[Start of section]

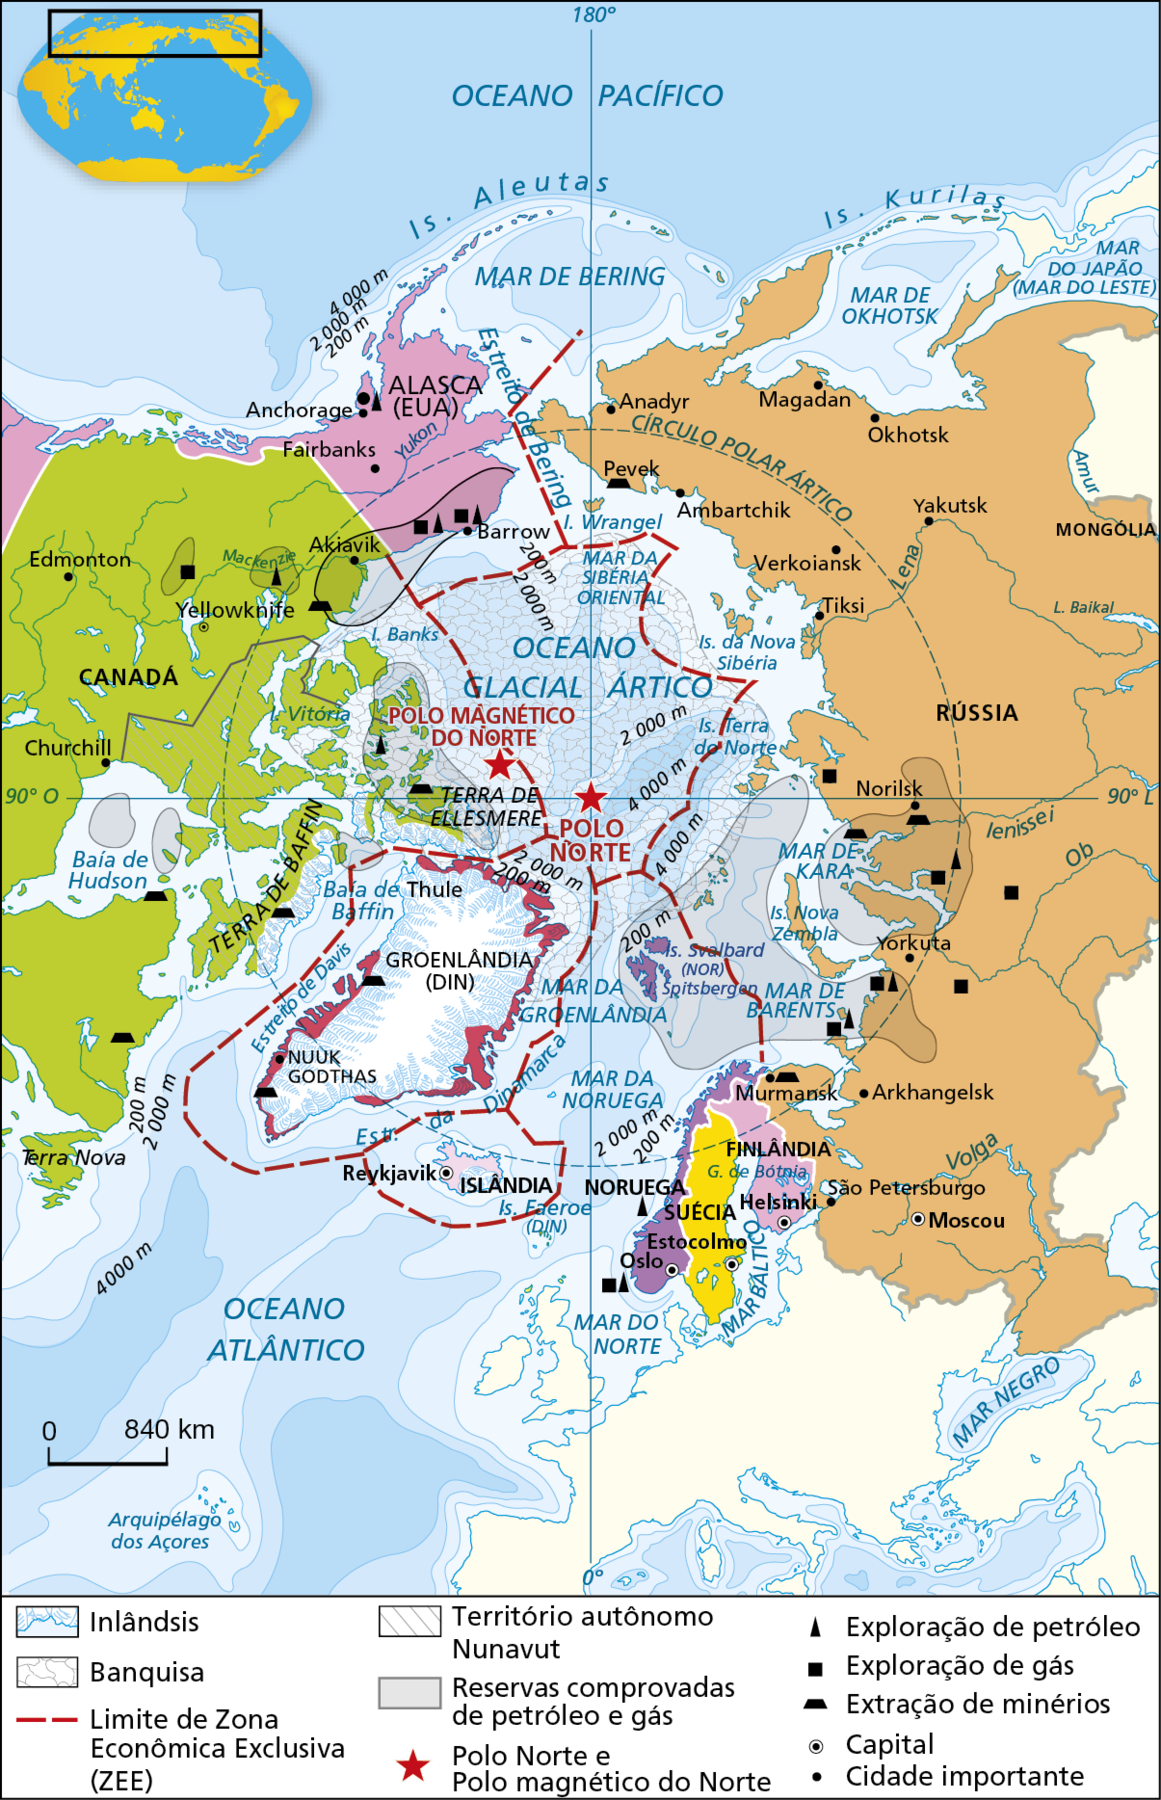 Mapa. 
Ártico: divisão política e recursos minerais. 
Mapa mostrando as divisões territoriais do Ártico, áreas de exploração, reservas comprovadas de petróleo e gás, cidades importantes, limites de zonas econômicas, banquisa e inlândsis. 
O mapa destaca a região do Ártico vista de cima. Do lado direito do mapa, a Rússia: mais ao sul, a  Noruega, a Suécia, a Finlândia e a Islândia mais  ao sul do Ártico. Do lado esquerdo, a Groenlândia (Dinamarca), terras do Canadá e Alasca (Estados Unidos).
Inlândsis estão representadas por áreas com pequenos riscos azuis    nas bordas da Groenlândia, da Terra de Baffin (Canadá) e da Terra de Ellesmere (nas proximidades do Polo Magnético Norte). Banquisas estão representadas por linhas curvas fechadas, na cor cinza, em toda área central da região ártica, sobrepondo-se à área do Oceano Glacial Ártico. Em linhas tracejadas vermelhas estão representados os Limites de Zonas Econômicas Exclusivas (ZEE) ao redor da Groenlândia, da Islândia, em torno de parte dos territórios de Rússia,  Alasca e Canadá e na parte central da região ártica. Em linhas cinzas diagonais, o Território Autônomo Nunavut, no Canadá. 
Reservas comprovadas de petróleo e gás estão destacadas na cor cinza área central ártica; no Mar de Kara e Mar de Barents, nas proximidades da Rússia; em áreas na Baía de Baffin e Baía de Hudson, próximo ao Canadá; área da Terra de Ellesmere, próximo ao polo magnético do norte; áreas do Oceano Glacial Ártico próximo ao Alasca e Canadá. 
Com uma estrela vermelha, a indicação do Polo Norte (no centro do mapa) e Polo Magnético do Norte (a noroeste da estrela do Polo Norte). 
As áreas de exploração de petróleo são indicadas por um triângulo na cor preta na Rússia, Alasca, Canadá e Noruega. 
Um quadrado na cor preta indica áreas de exploração de gás na Rússia, Alasca, Canadá e Noruega.  Um trapézio na cor preta indica locais de extração de minérios na Rússia, Canadá e Groenlândia. Um ponto preto dentro de um círculo de fundo branco indicam a localização das capitais dos países: Suécia: Estocolmo; Noruega: Oslo;  Finlândia: Helsinki; Rússia: Moscou: Islândia:  Reykjavik. 
Pontos pretos simples indicam localização de cidades importantes. No Canadá: Churchill; na Rússia: São Petersburgo. no Alasca: Fairbanks, Barrow; na Groenlândia: Nuuque Godtas. 
Na parte inferior, a escala de 0 a 840 quilômetros.

[End of section]

- **DIRECTIONS FOR THIS TASK**
Word for word, restate the lines of the listing above starting at the line with "Mapa mostrando as" and ending at the line with "O mapa destaca", and nothing outside them.

- **SOLUTION TO THIS PROBLEM**
Mapa mostrando as divisões territoriais do Ártico, áreas de exploração, reservas comprovadas de petróleo e gás, cidades importantes, limites de zonas econômicas, banquisa e inlândsis. 
O mapa destaca a região do Ártico vista de cima. Do lado direito do mapa, a Rússia: mais ao sul, a  Noruega, a Suécia, a Finlândia e a Islândia mais  ao sul do Ártico. Do lado esquerdo, a Groenlândia (Dinamarca), terras do Canadá e Alasca (Estados Unidos).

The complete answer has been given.